When I first moved to New York City years ago I met my best friend, who is Mexican and shares my same love for Juan Gabriel. We were beginning our careers then and some of my favorite Sunday memories include blasting JuanGa on Pandora and drinking cheap sangría in his 5th-floor walkup. Honestly, no five-star brunch tops that.
"His voice will forever remain a part of my life and memories of my mom, my uncles, the scent of floor cleaner and my friends. "
On Facebook I asked my friends how they were feeling. In Minneapolis, Melissa Colorado says, “There's no humming to a Juan Gabriel song. You just got to BELT it out," she says. "He was a piece of my childhood because my parents, especially my mom, would blast him all the time in the house. What a legend.”
In Boston, my friend Alma Bocaletti says, “a piece of my childhood is gone.”

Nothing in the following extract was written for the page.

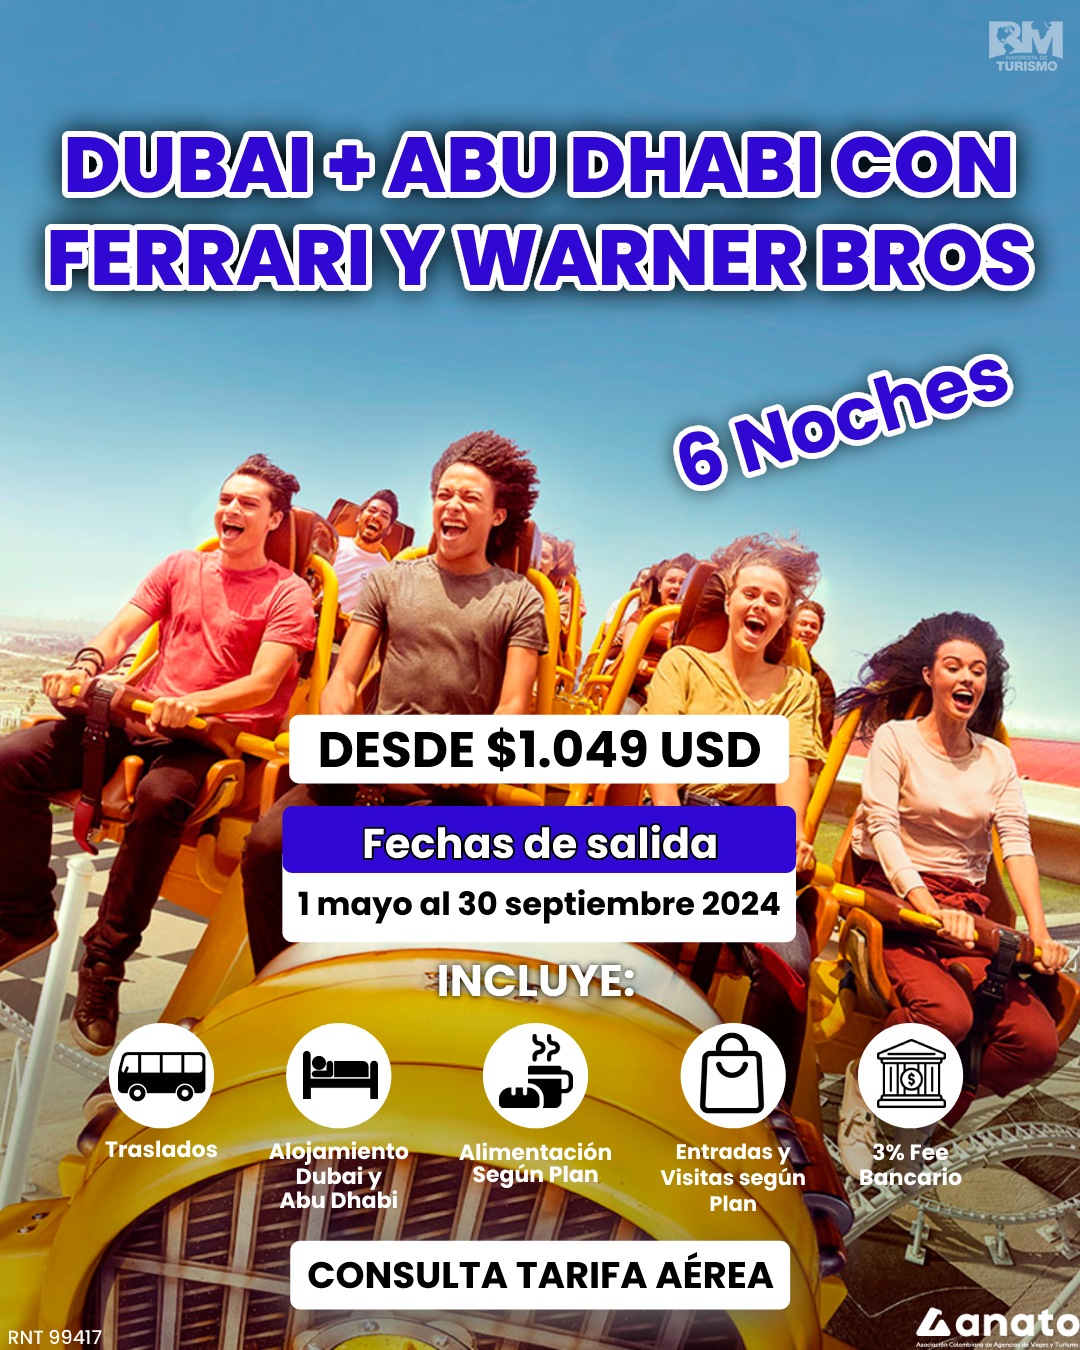 DUBAI + ABU DHABI CON FERRARI Y WANER BROS

Growing up, my friends and I complained about the music our parents blasted at home. At the time we didn’t realize how that music molds our memories. It gives a setting, a feeling, a mood that eventually morphs into nostalgia as you get older.
Today that nostalgia is mixed with grief. Juan Gabriel’s songs are a piece of the bicultural bridge I walk every day. His voice will forever remain a part of my life, including the memories of my mom, my uncles, the scent of the floor cleaner and my friends. His songs helped carve all that into my heart.
Thank you, Juan Gabriel for sharing your pain and happiness with us. As you would say, Adíos Amor.